Available records
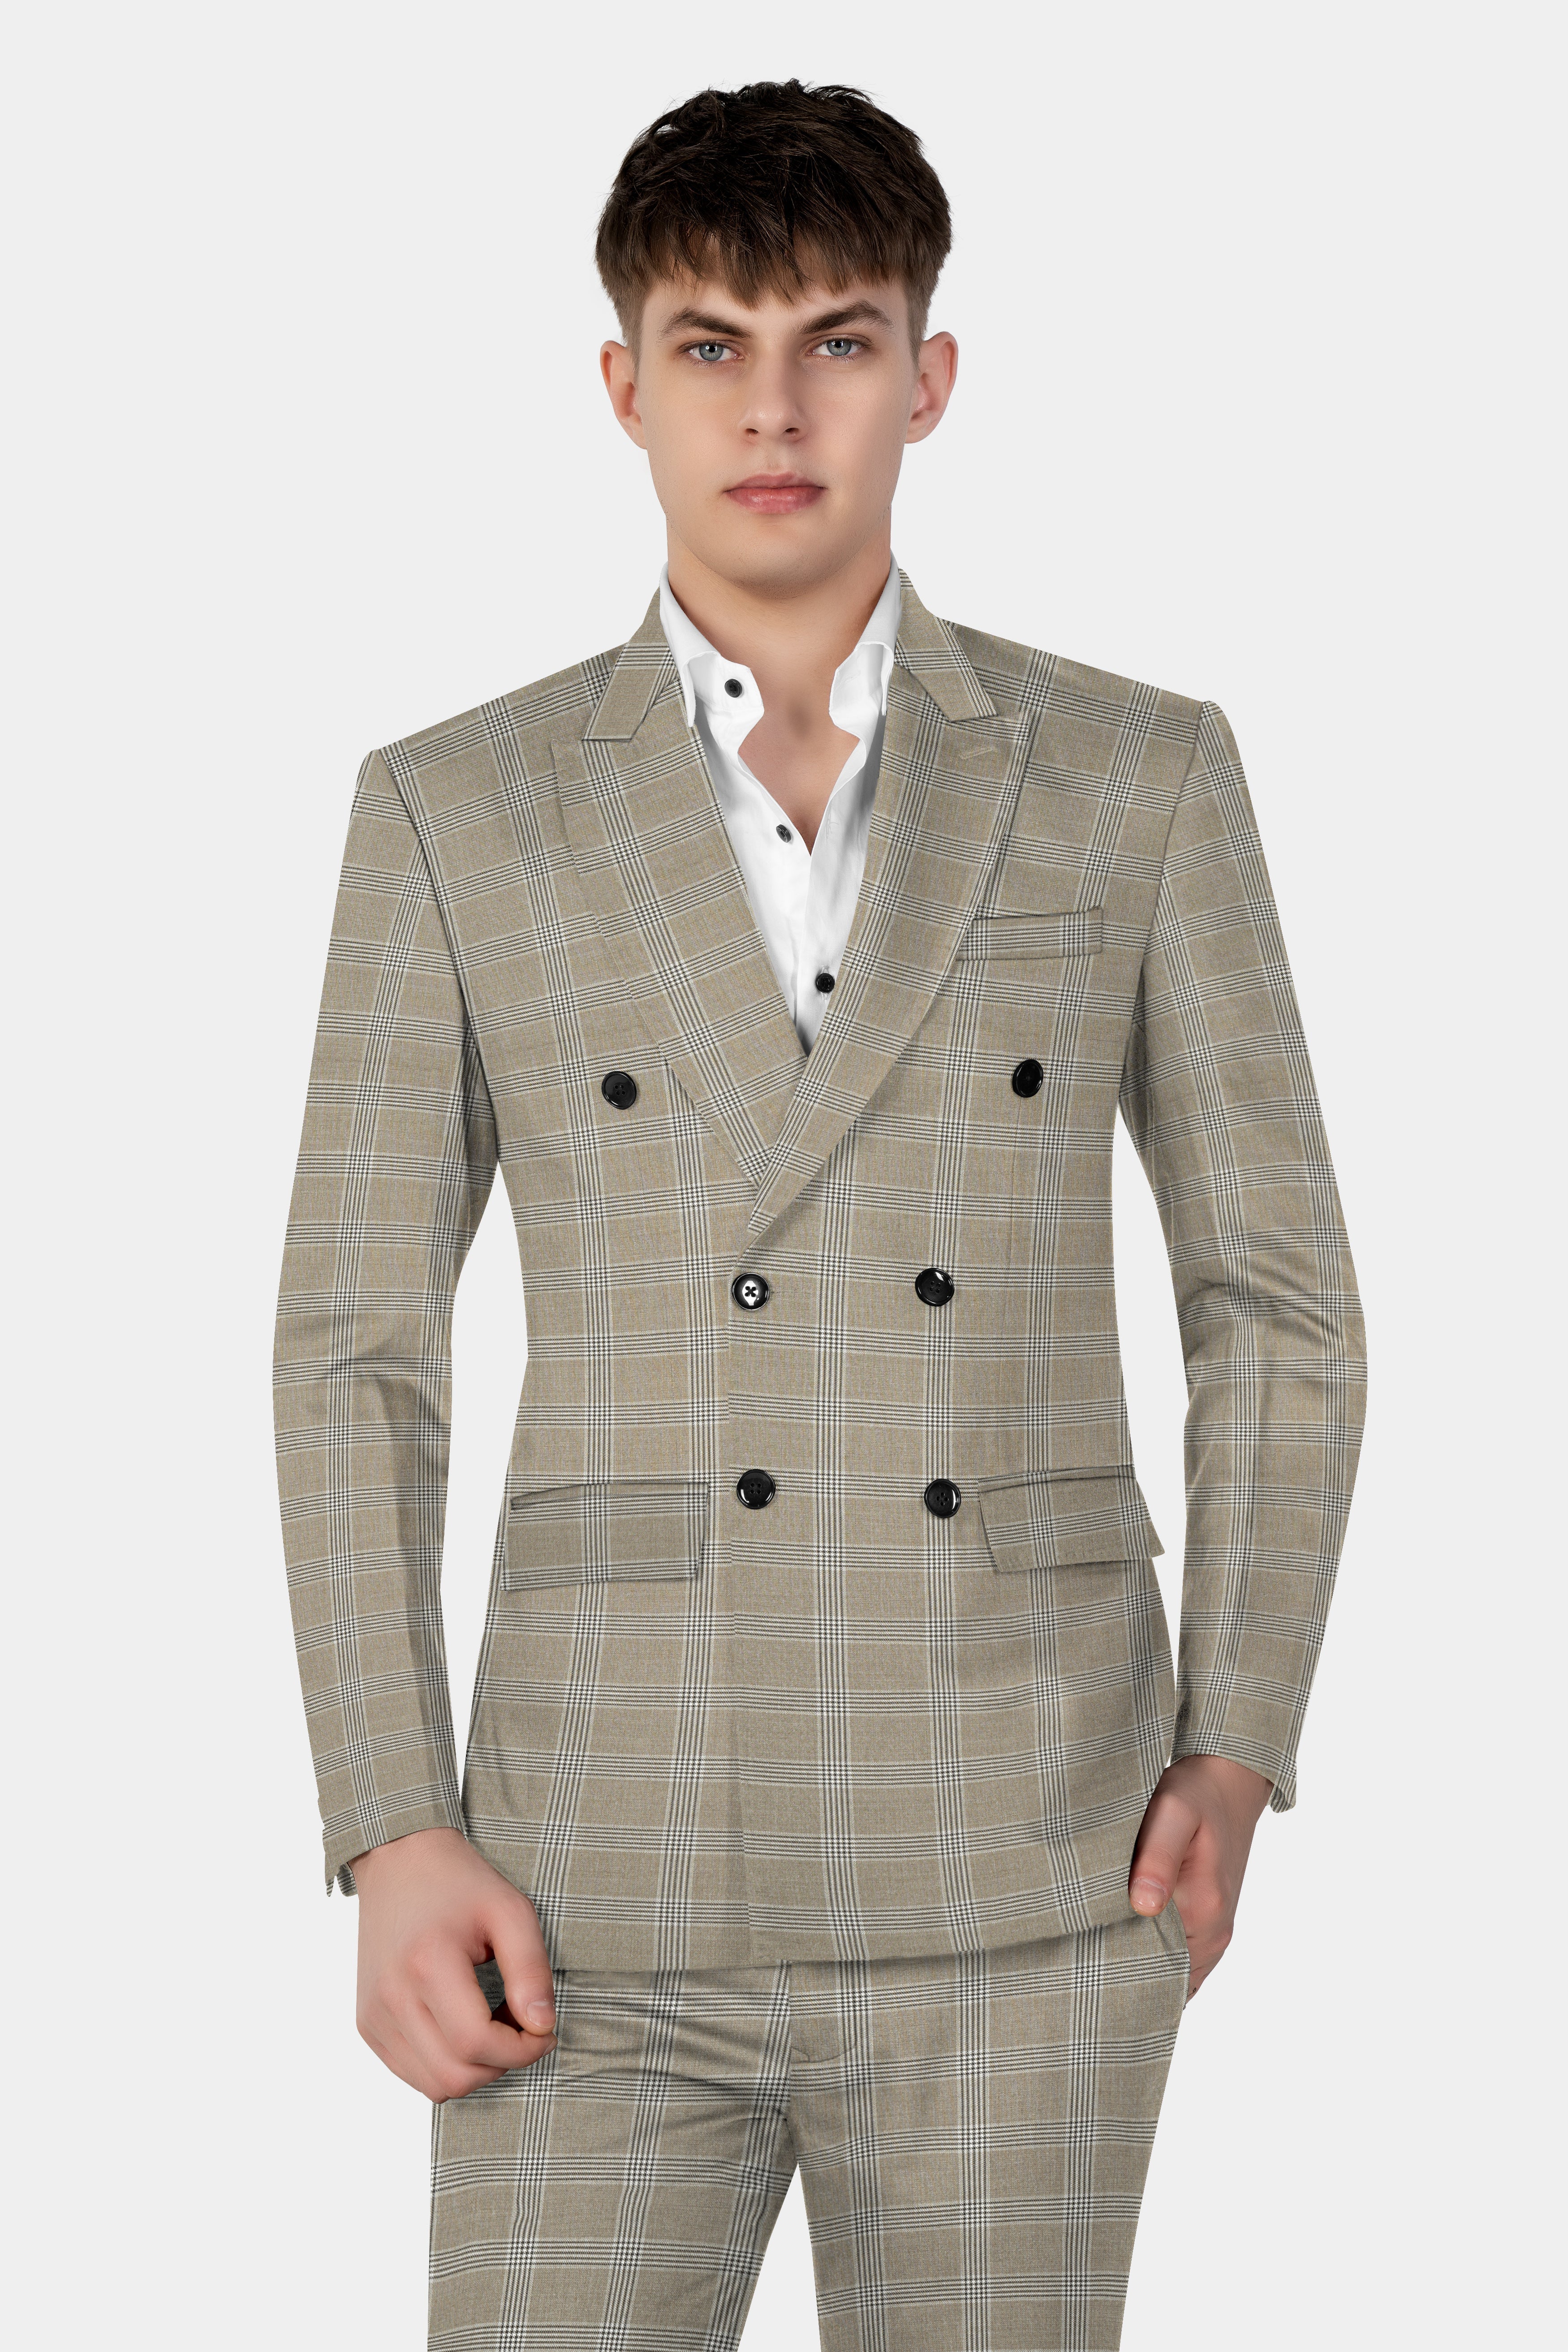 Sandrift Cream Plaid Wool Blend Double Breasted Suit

==

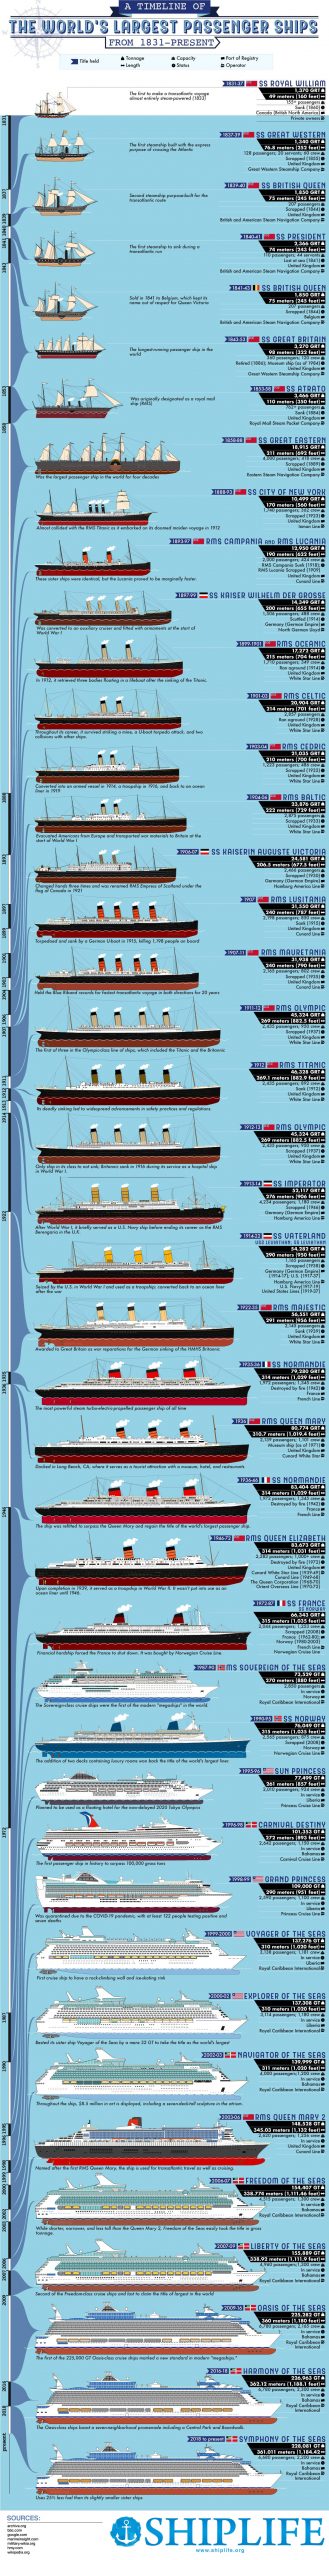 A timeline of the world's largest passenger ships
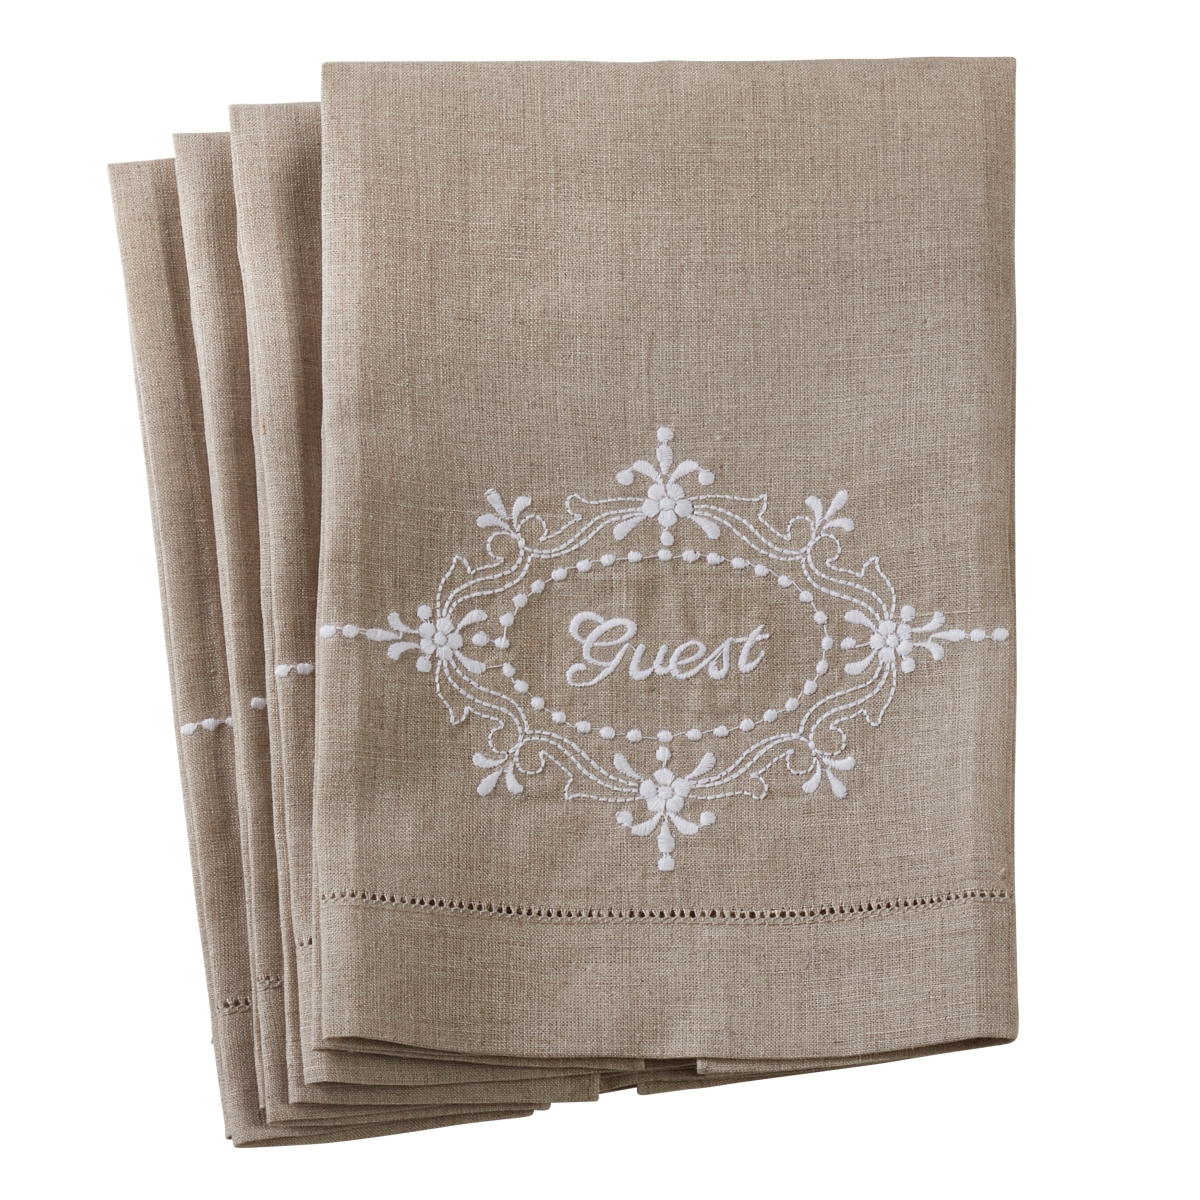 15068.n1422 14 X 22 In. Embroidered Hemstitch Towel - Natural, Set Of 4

==

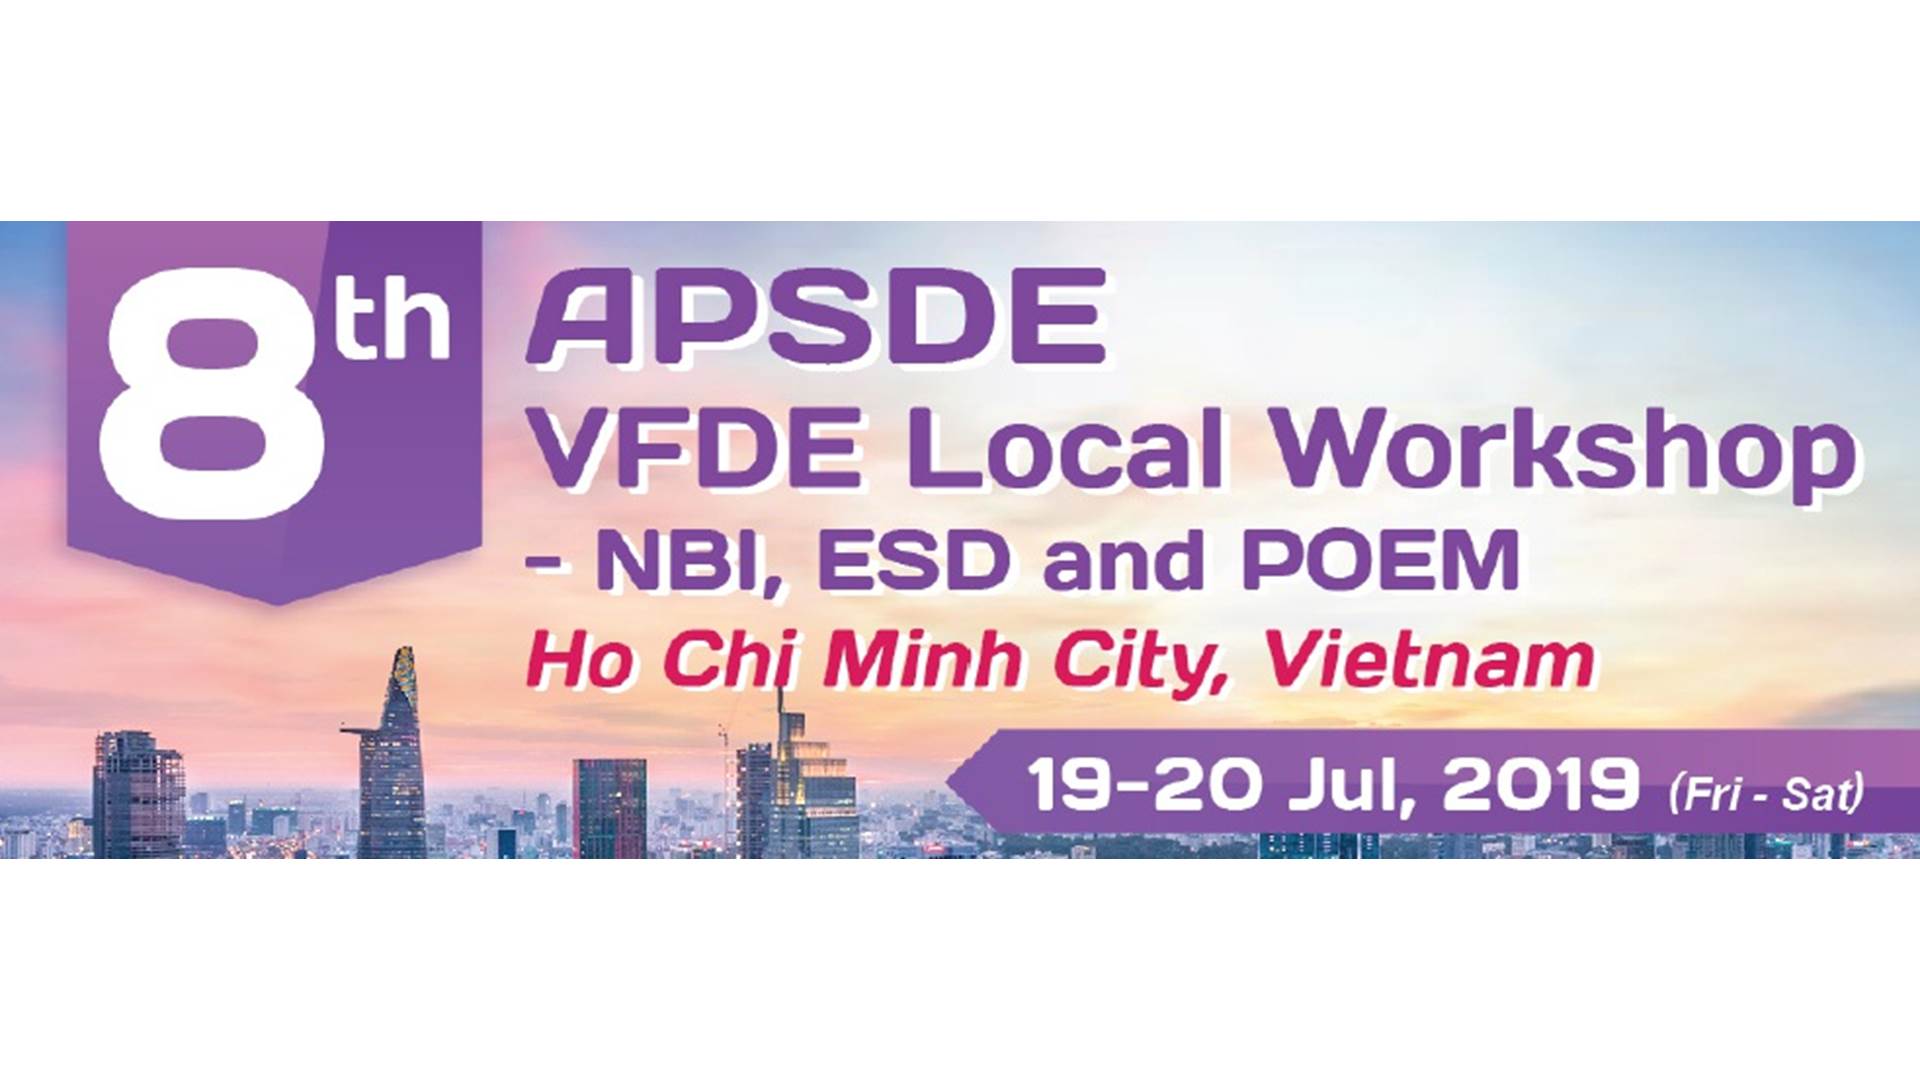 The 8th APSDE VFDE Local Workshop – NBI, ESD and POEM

Your assignment
Every line above from the one with "A timeline of" down to the one with "15068.n1422 14 X" must be written out exactly, and no picture may appear.

Response
 A timeline of the world's largest passenger ships
 15068.n1422 14 X 22 In. Embroidered Hemstitch Towel - Natural, Set Of 4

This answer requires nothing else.